Wim Groot heeft als hij bij klanten de melk thuis bezorgde - en dat gebeurde vroeger bij zijn vader met de losse melk vaak twee keer per dag - op verzoek muizen gevangen, potkacheltjes verzet en verkeerd bezorgde post naar het juiste adres gebracht. Zijn ouders die al in 1934 een melkwinkel hadden in de Tweede Oosterparkstraat 50 hadden een kleine etalage waarin (namaak) kazen stonden en een grote glazen stolp vol eieren. Een klant wilde persé het middelste ei hebben en zelfs dat heeft zijn moeder nog geprobeerd, tot ze sprak "als je persé dat ei wil hebben, kom morgen dan maar terug."
Zijn moeder was sowieso een hulpvaardig mens, die haar klanten vaak advies gaf en bijvoorbeeld vrouwen te hulp schoot wier man het huishoudgeld vergokte. Ze merkte het op als mensen in stilte armoe leden en gaf dan discreet een wenk aan de pastoor om te zorgen voor een pakket levensmiddelen of iets dergelijks.
De vader van mijnheer Groot was behalve melkboer ook porder; als hij kwart over zes 's ochtends de melk bezorgde, moest hij de mensen wakker maken door luid op hun deur te bonzen. Een enkele keer heeft hij zich verslapen, dan sloop hij op kousevoeten de trap op en zette de melk voor de deur. Als de klanten dan kwamen klagen dat ze niet gewekt waren kon hij zeggen; "ik ben wel geweest, kijk maar naar de melk, maar je hebt het zeker niet gehoord."

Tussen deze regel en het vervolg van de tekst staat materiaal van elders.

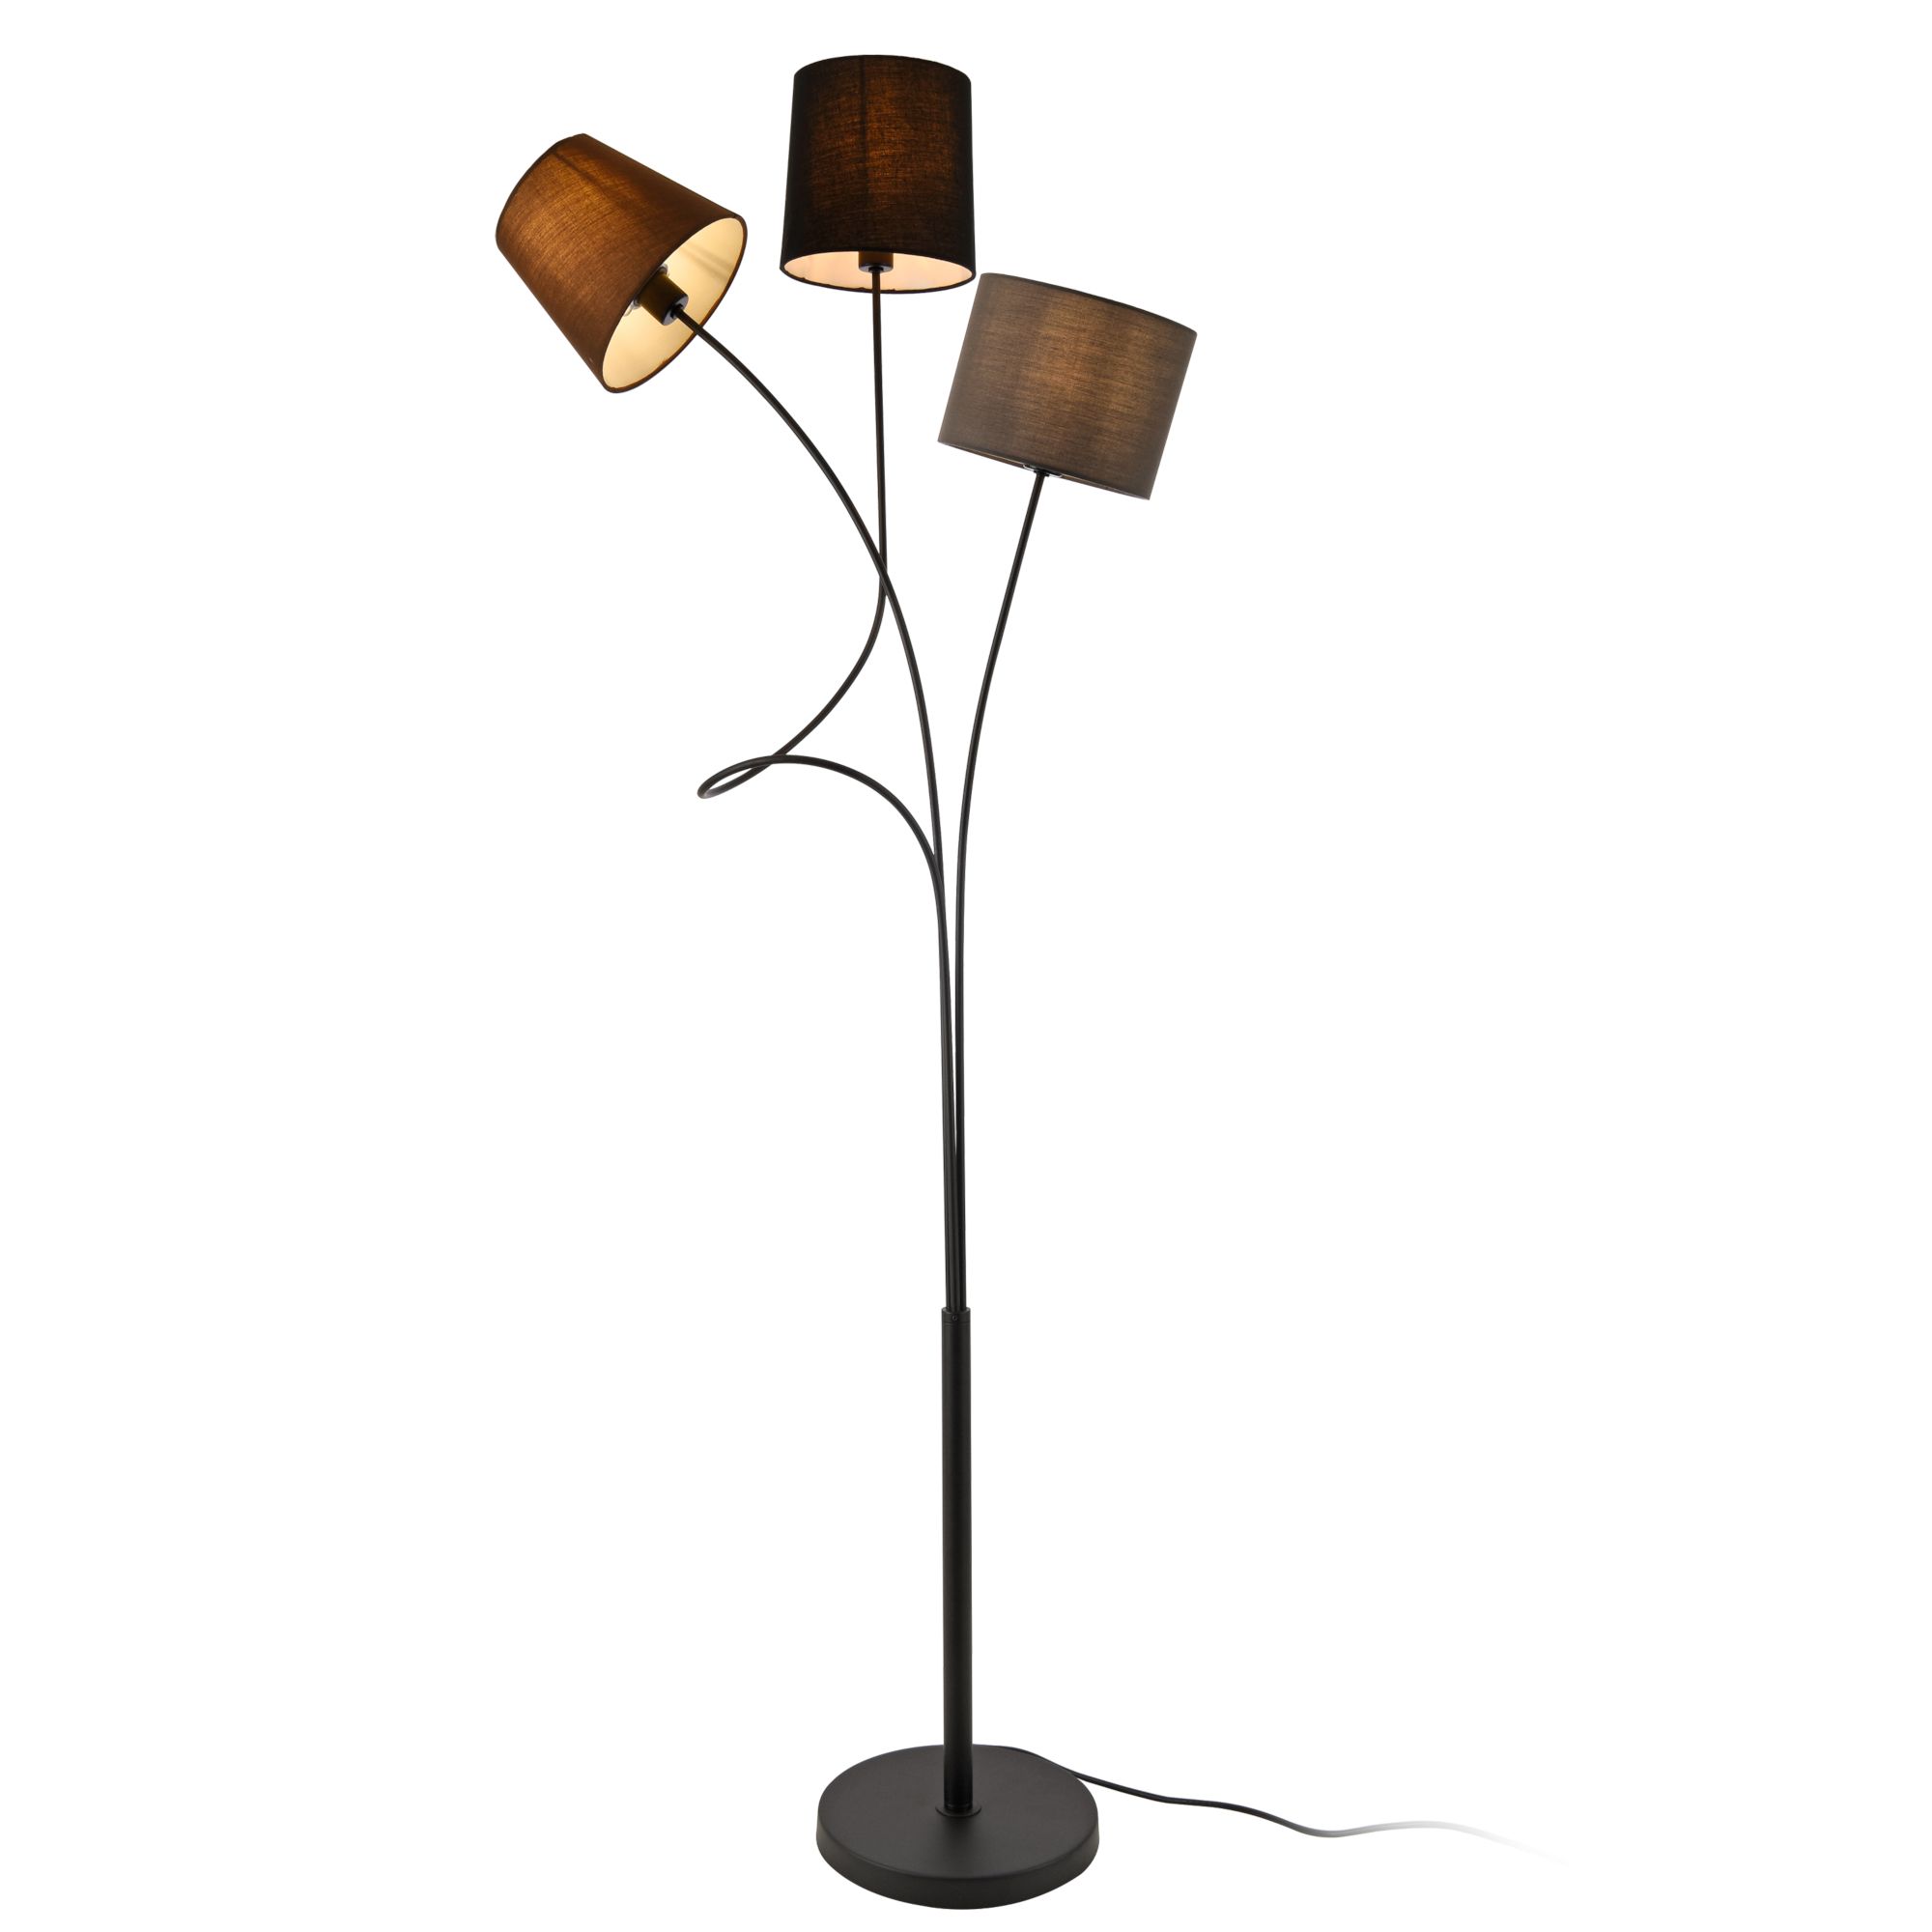 [lux.pro] Stojací lampa \"Treviso\" HT191011 - H.T. Trade Service GmbH & Co. KG
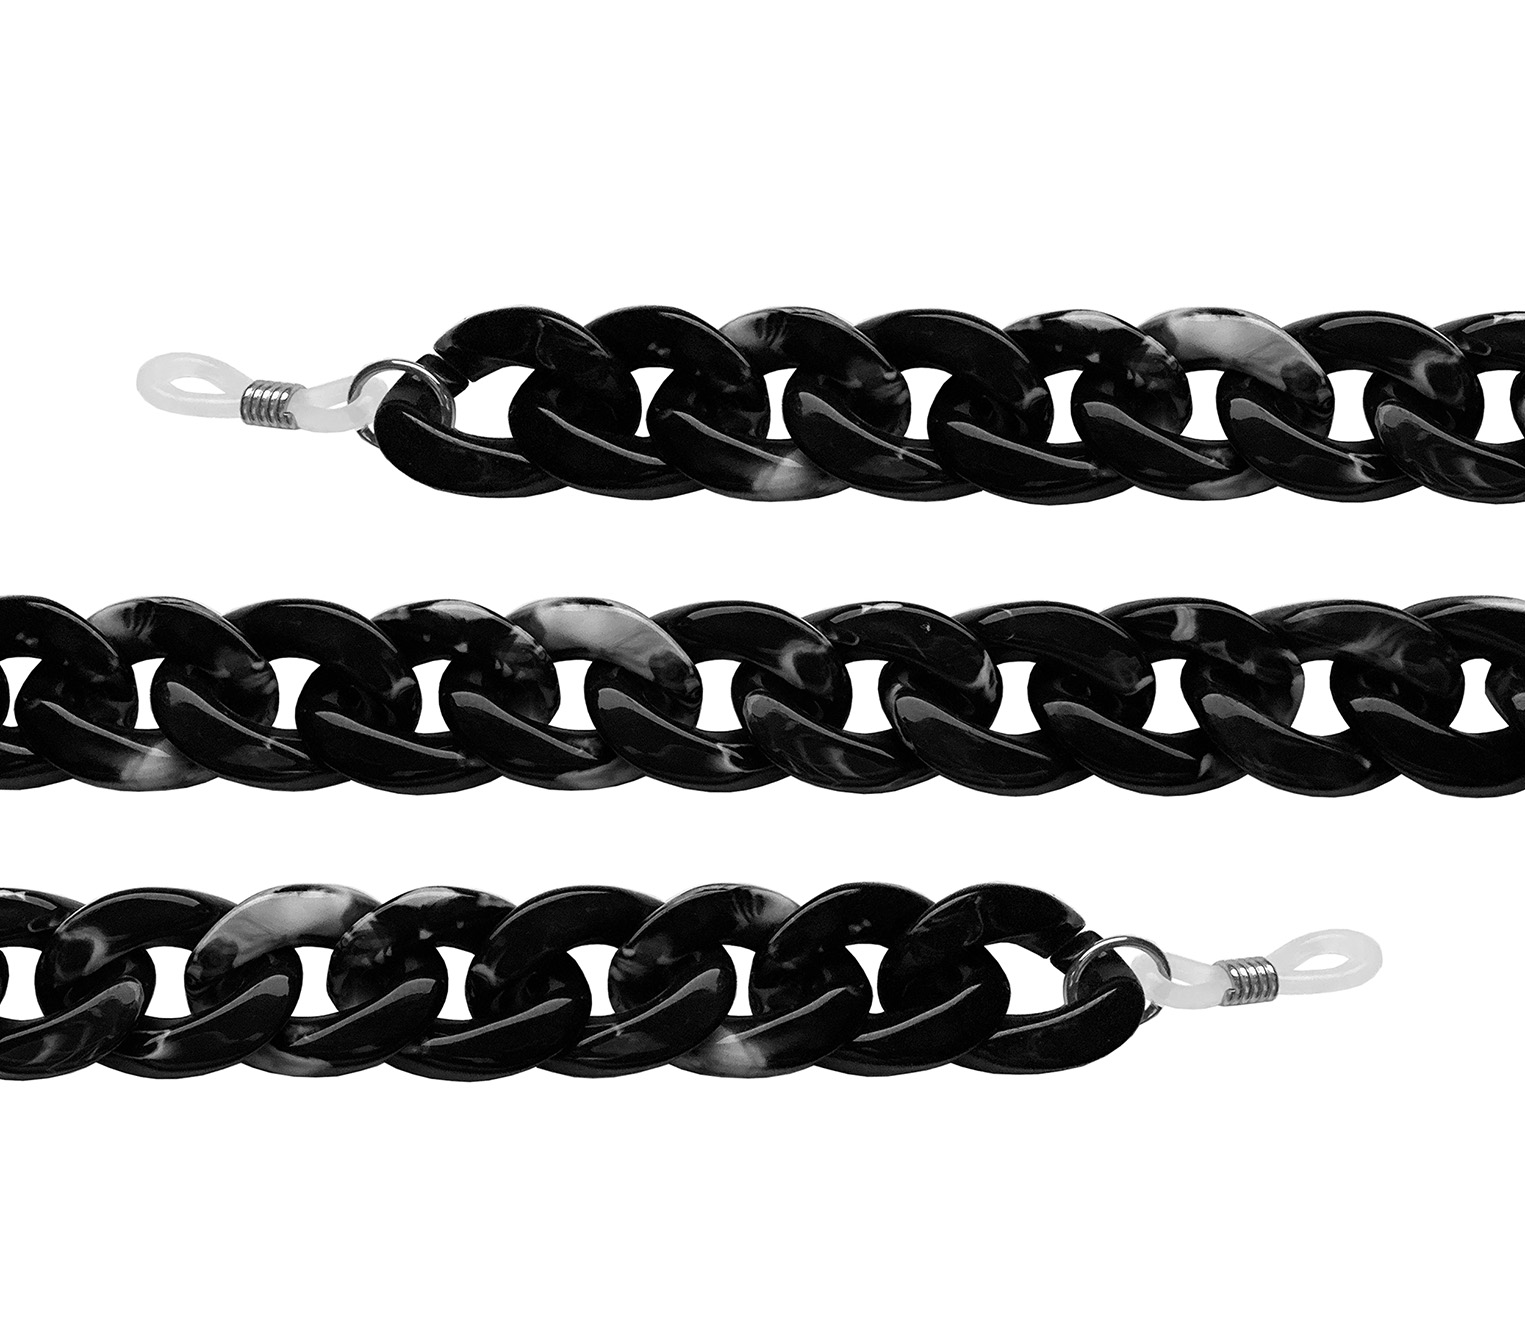 Main Image (Angle) - Coco (Black) Glasses Chains Accessories

Ja de klant moest vooral te vriend gehouden worden. De vader van Wim klaagde zelfs niet toen hij een keer 's nachts om half vijf werd gebeld; er was een kleinkind van juffrouw Marinus aan de overkant geboren en hij moest het meteen gaan aanzeggen, dat kon geen uurtje wachten. Overigens was er ook een klant die het maar niks vond dat de melkboer telefoon had, dat was veel te sjiek voor gewone mensen. De aansluitkosten waren namelijk 6 gulden!